Curl Power: These Young Athletes Have the Stones

By Chris Knight

Rating: A

“Teenagers are weird,” says one of the young subjects of the documentary Curl Power. Curlers are too. Both groups are little understood by outsiders, who also tend to think the life of a member is easier than actually is.

Brooklyn, Hannah, Savannah, Amy and Ashley know better. They are teenagers and also curlers, and director Josephine Anderson captures all that is best and most confusing about both conditions.

The film starts on a somewhat typical note, as these high schoolers from Maple Ridge B.C. (just outside Vancouver) talk about their dreams of becoming Canadian National Curling Champions one day.

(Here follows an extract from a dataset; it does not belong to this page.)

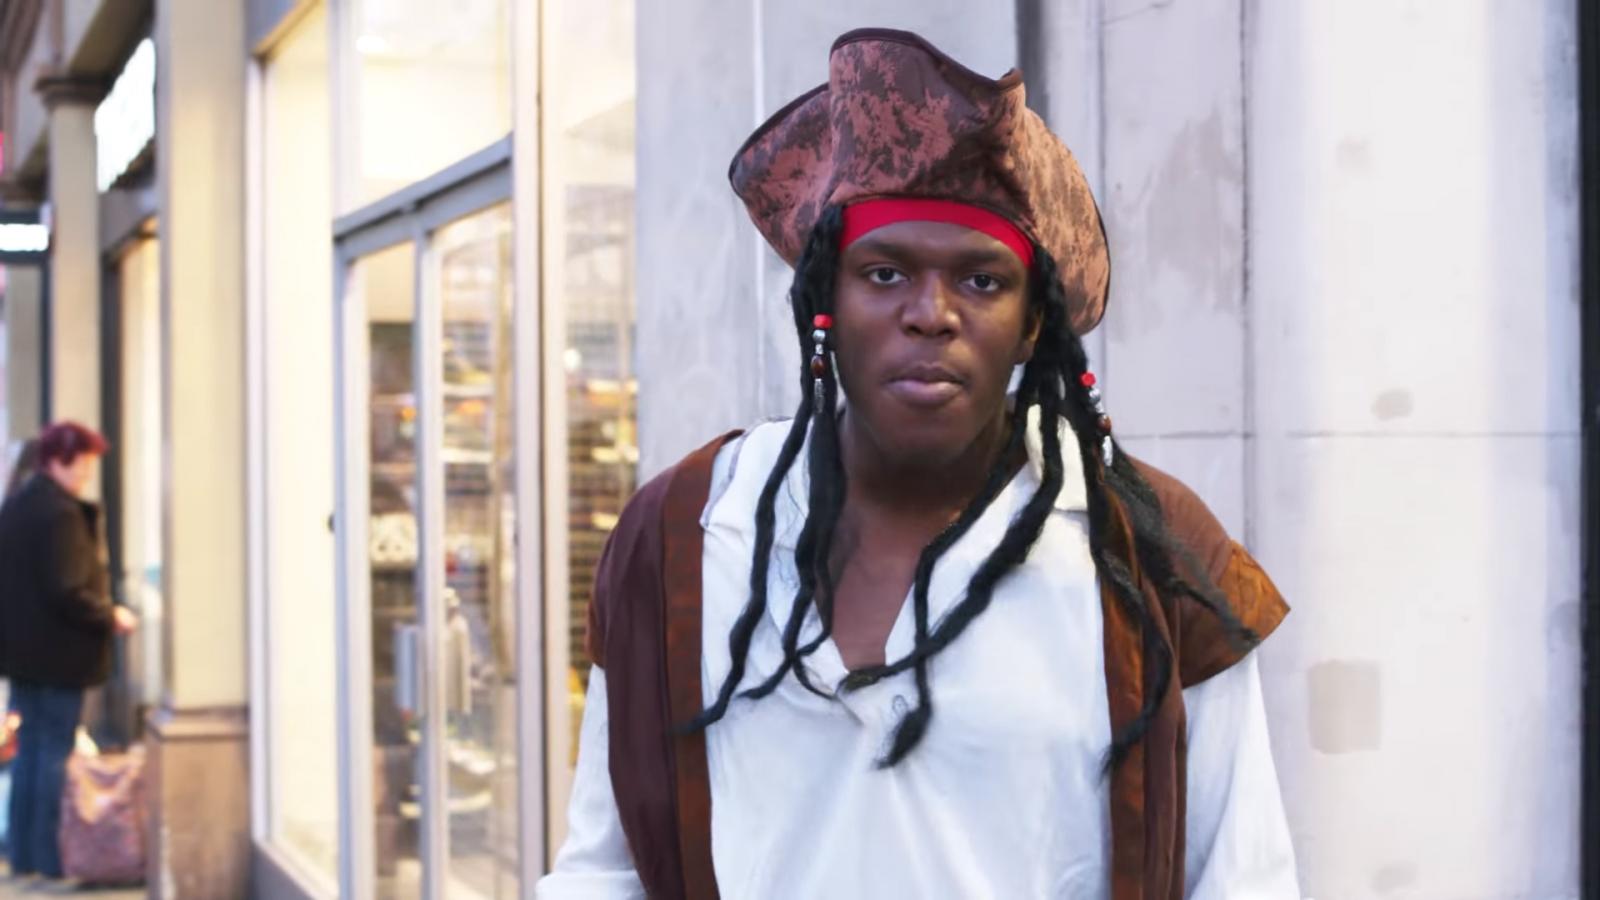 KSI piracy apology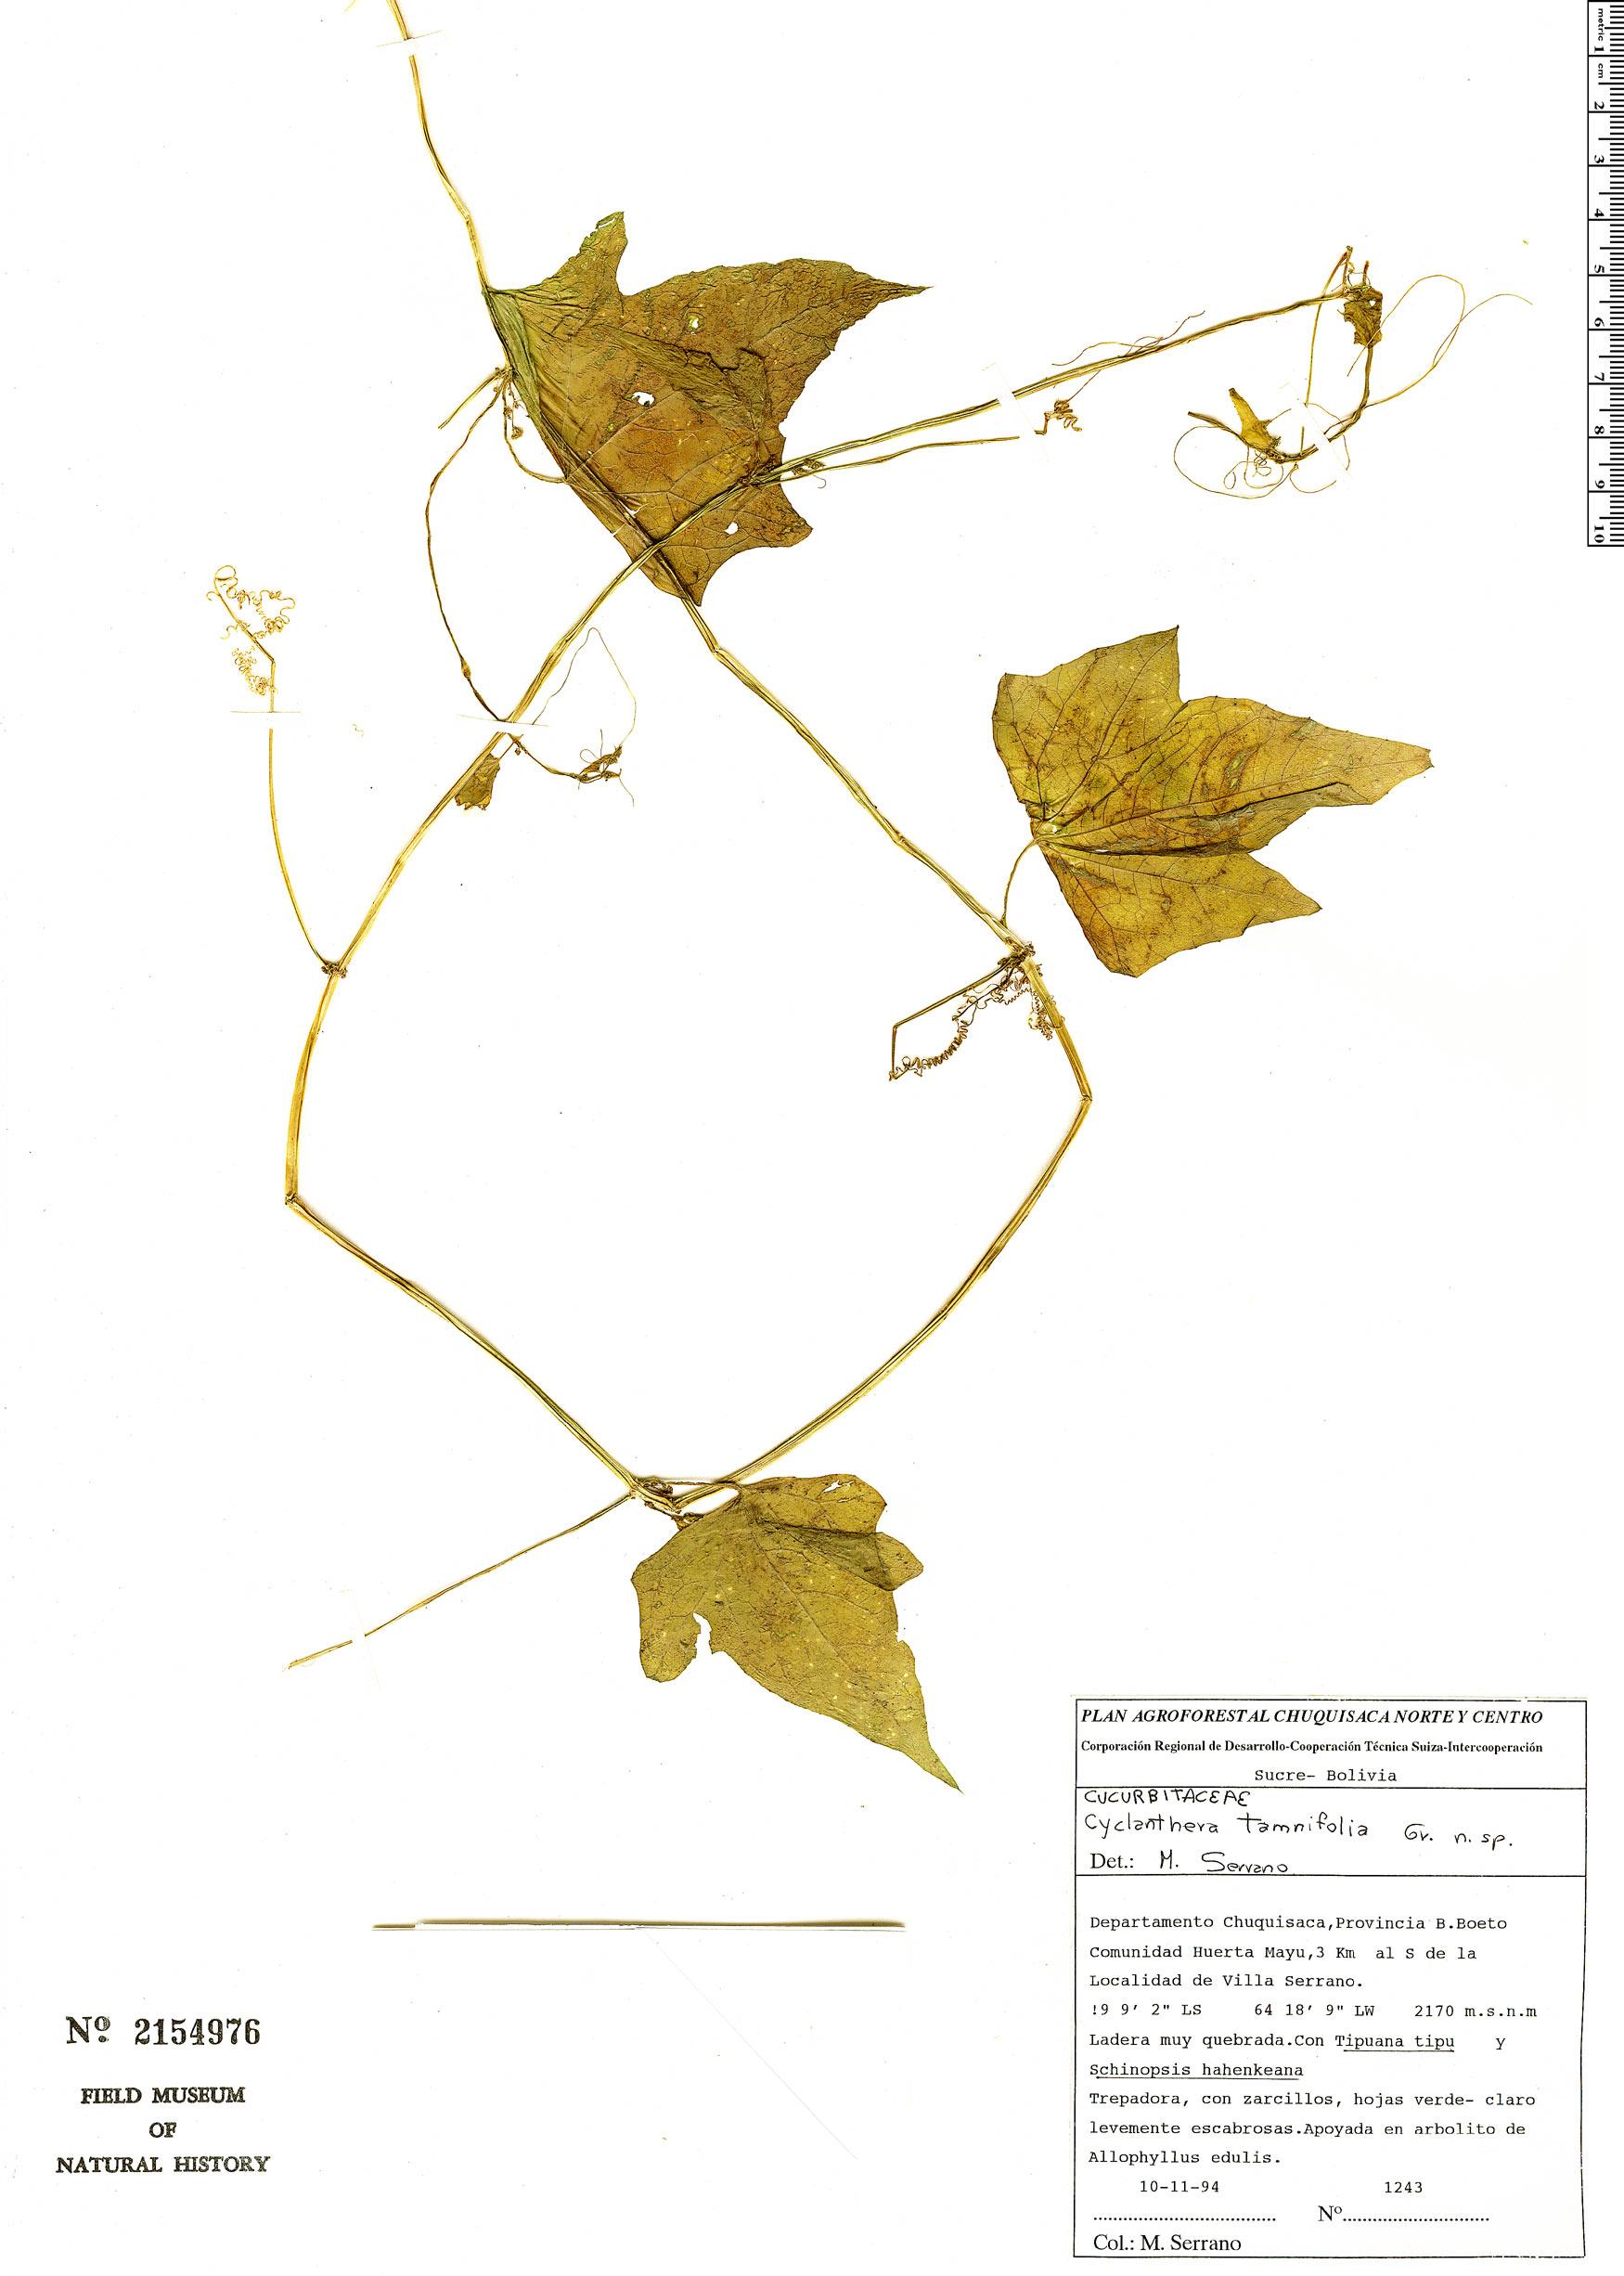 Specimen: Cyclanthera tamnifolia

But the further we get into the film’s 85 minutes, the more we realize that this isn’t going to be a traditional sports doc, with an arc of competition leading to victory or defeat. In fact, it’s fair to say that by the midpoint of the movie, viewers probably won’t really care if they even see another end played.

It’s not that the games aren’t interesting. (And DP Claire Sanford certainly does a marvellous job of shooting them!) But there’s just so much else going on — school, university applications, boyfriends, depression, health issues, body issues, parents, etc.

It’s easy to feel confident on the ice, one of the girls notes. It’s a self-contained world, 15 by 150 feet, filled with 16 stones weighing in at about 700 pounds, grounded by strict rules and terminology.

But real life is bigger and far more complicated, and Anderson, who followed her subjects for three years, eavesdrops on moments of their thoughtful, tender realizations of what a wide, weird world it is. And how these friends will soon be heading their separate ways in it.

Their unfiltered comments show how fully the director has gained the trust of her subjects. The film’s respectful presentation proves how well deserved it was.

Curl Power. Directed by Josephine Anderson. With Brooklyn Aleksic, Hannah Smeed, Savannah Miley, Amy Wheatcroft and Ashley Dezura. In theatres January 24.